Prompt ->
No pictures, nothing altered: return the data below.
*** Opening Information shown ***
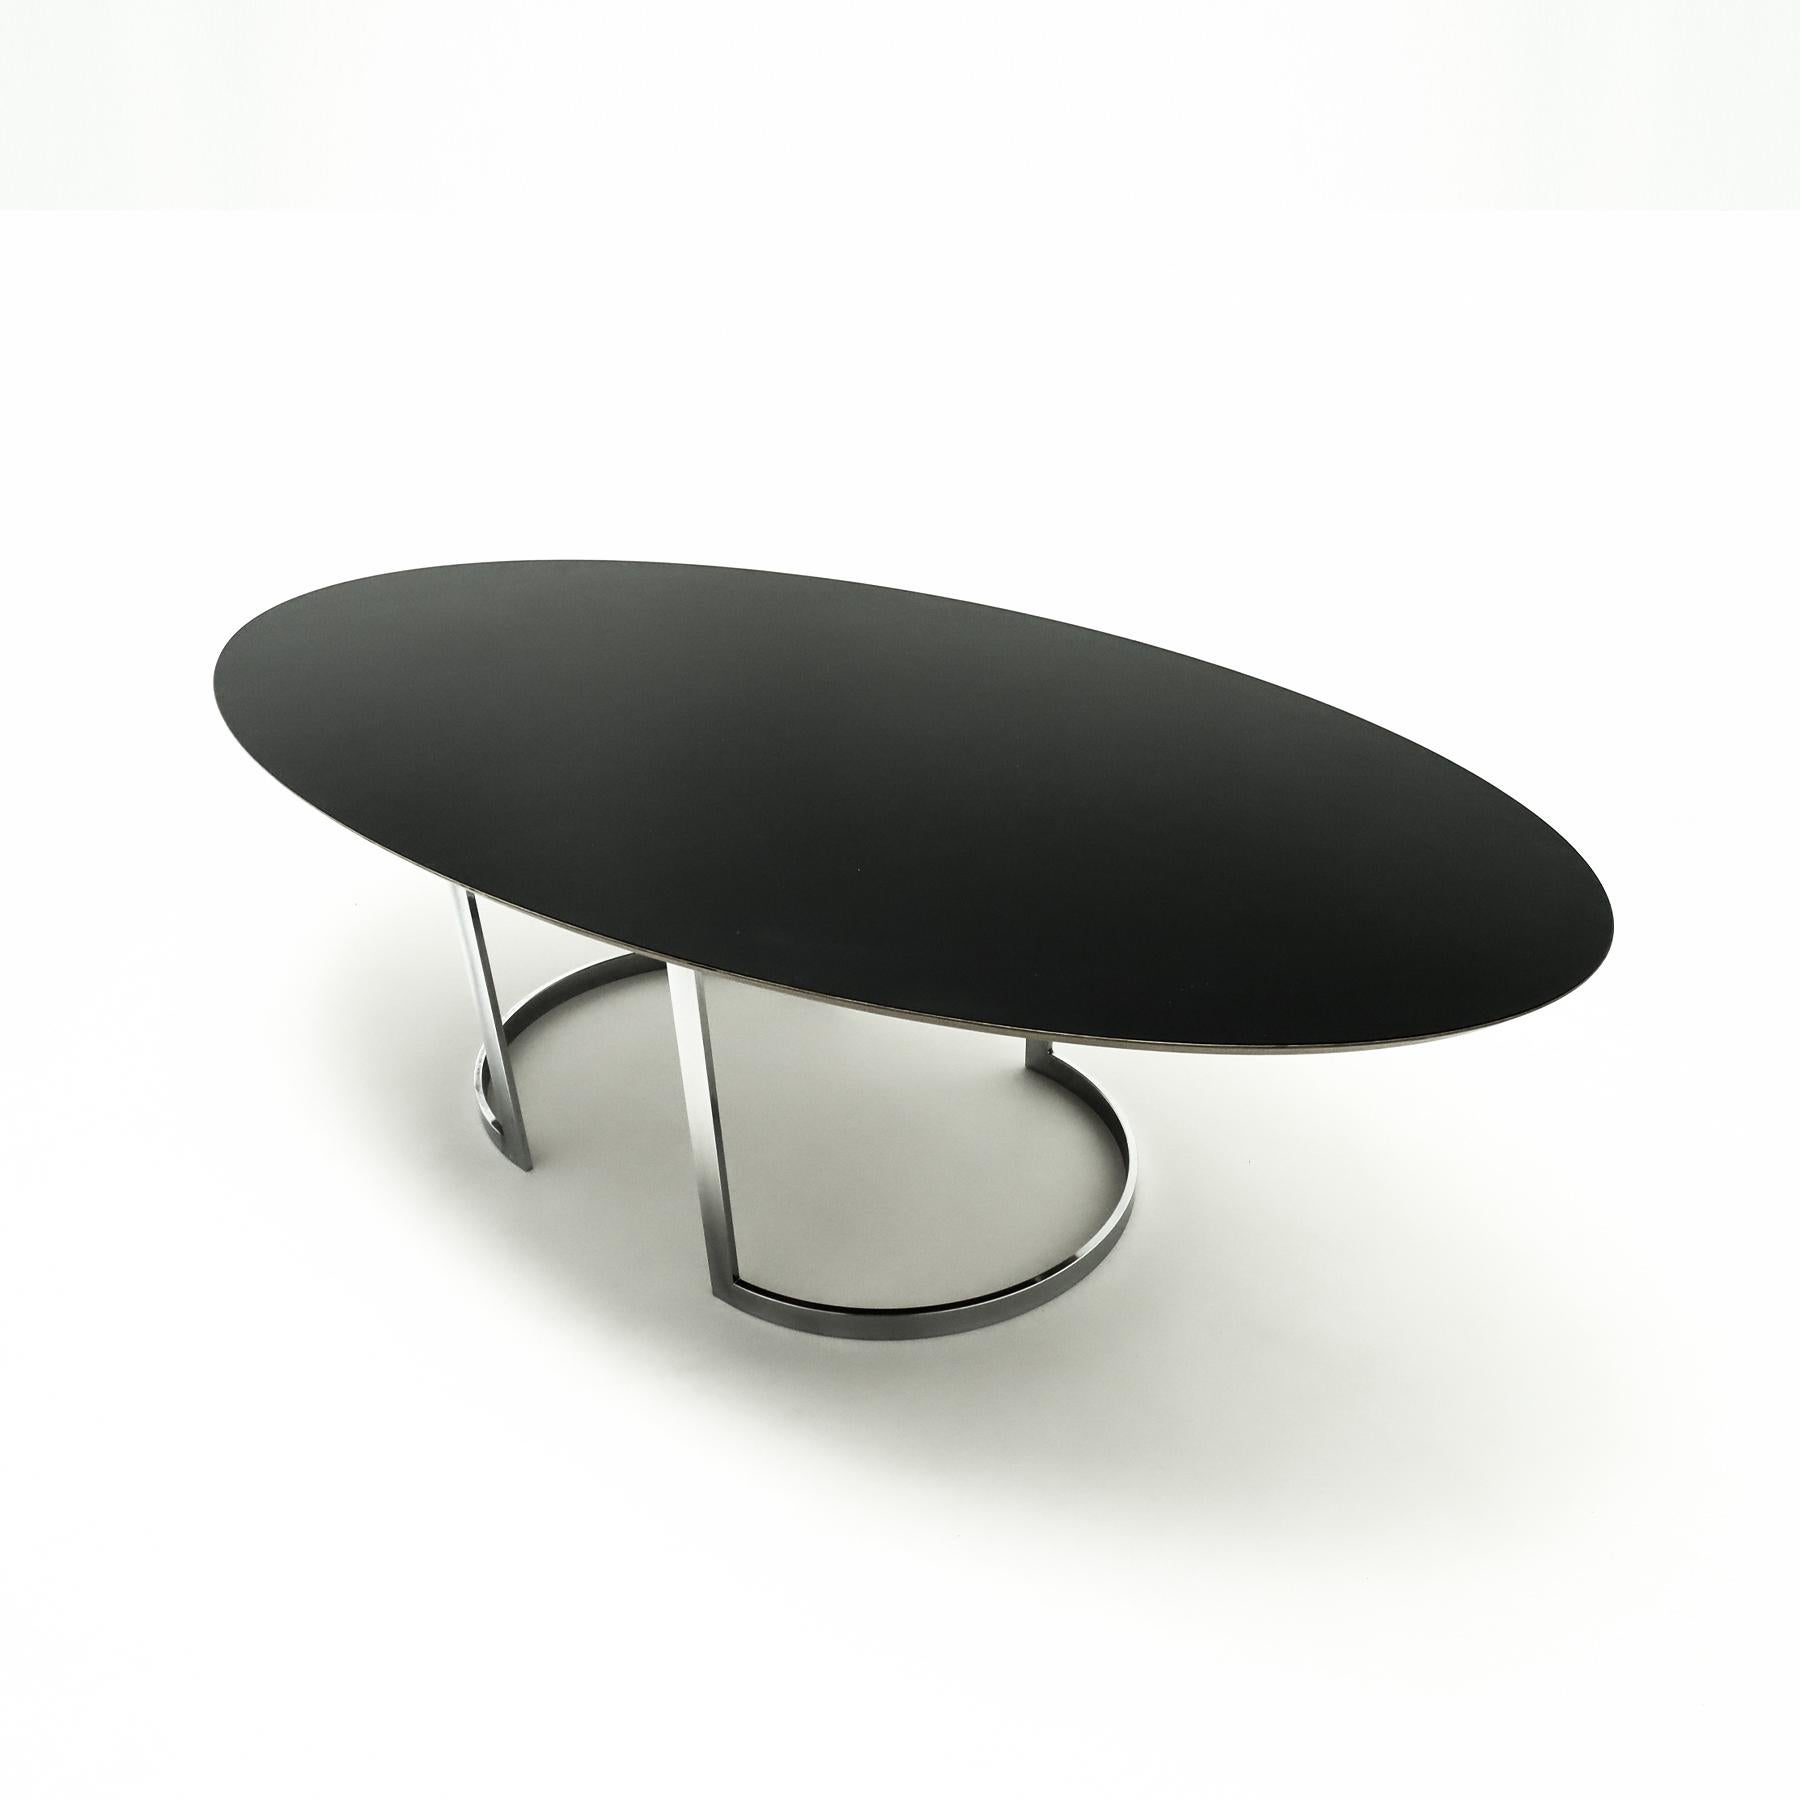 Large black and chrome 8 seat office meeting room, or conference room table in the style of Milo Baughman.

This large oval table is constructed from thick plywood that features a pressure treated black melamine top sat on two chrome bases. The
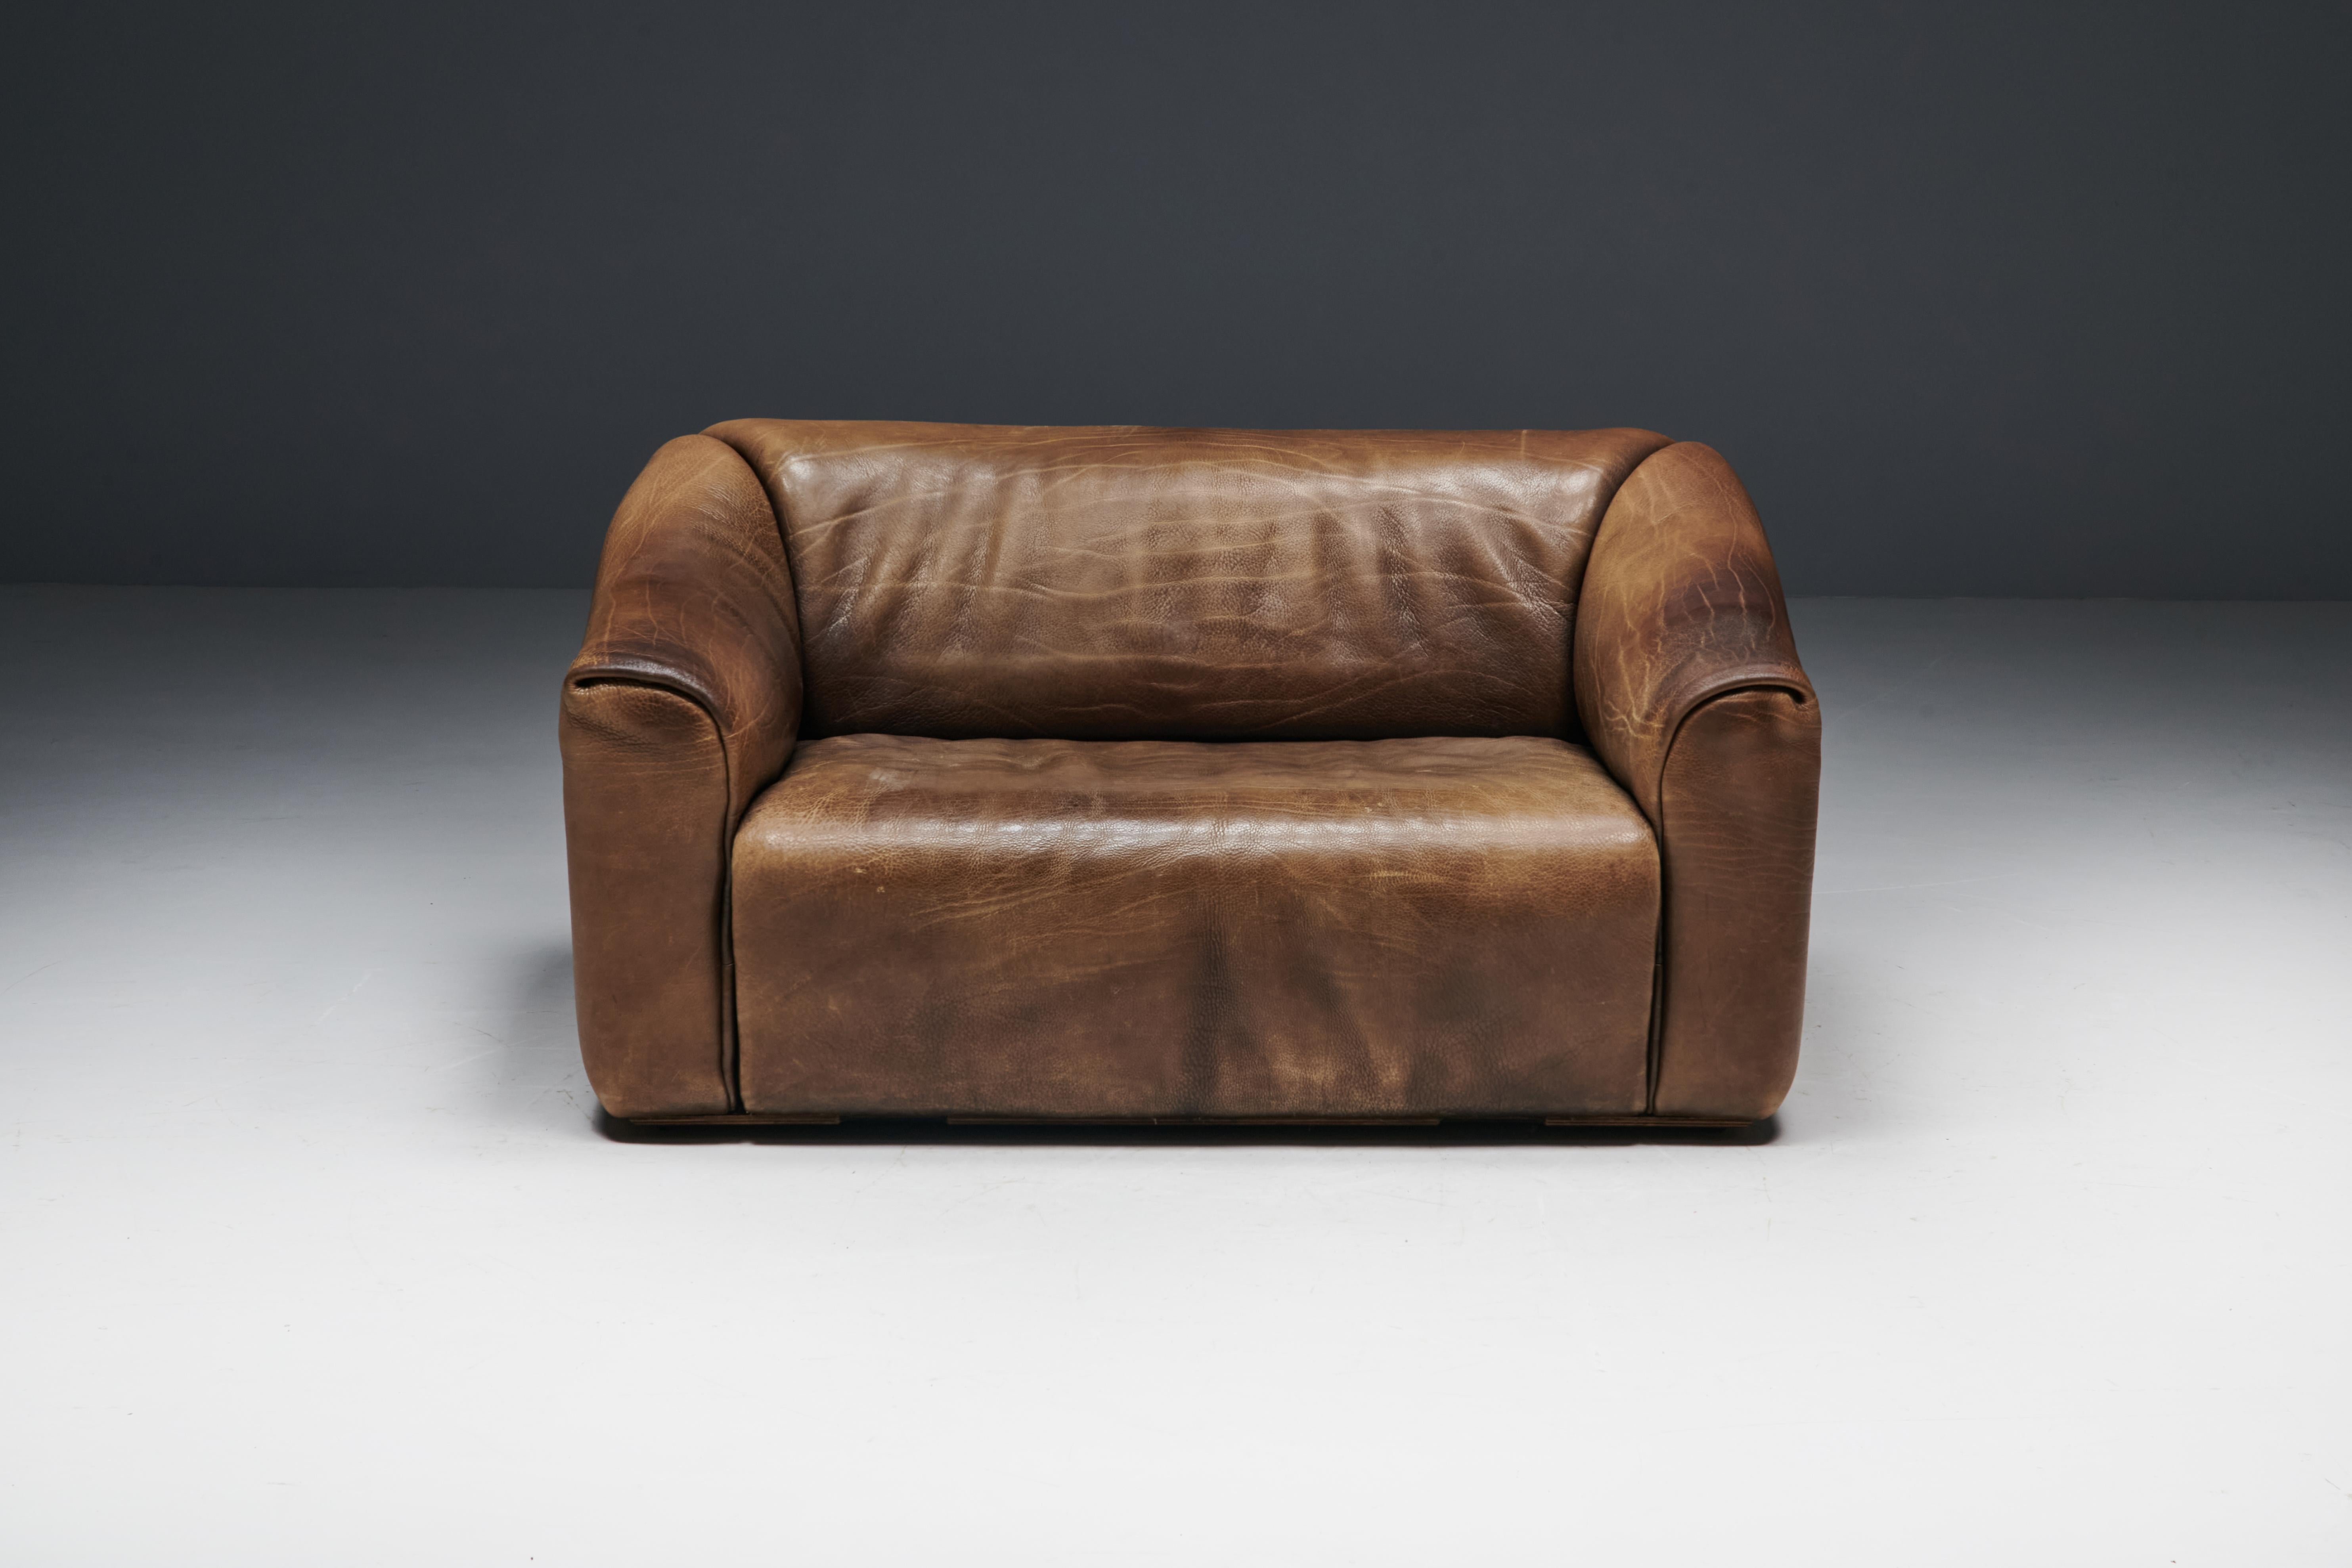 DS47 two-seater sofa, a masterpiece crafted by De Sede in Switzerland in 1970. Immerse yourself in luxury with its high-quality brown buffalo leather, showcasing the renowned craftsmanship and comfort seating for which De Sede is celebrated. The
*** Closing Information shown ***
Output below ->
 Large black and chrome 8 seat office meeting room, or conference room table in the style of Milo Baughman.

This large oval table is constructed from thick plywood that features a pressure treated black melamine top sat on two chrome bases. The
 DS47 two-seater sofa, a masterpiece crafted by De Sede in Switzerland in 1970. Immerse yourself in luxury with its high-quality brown buffalo leather, showcasing the renowned craftsmanship and comfort seating for which De Sede is celebrated. The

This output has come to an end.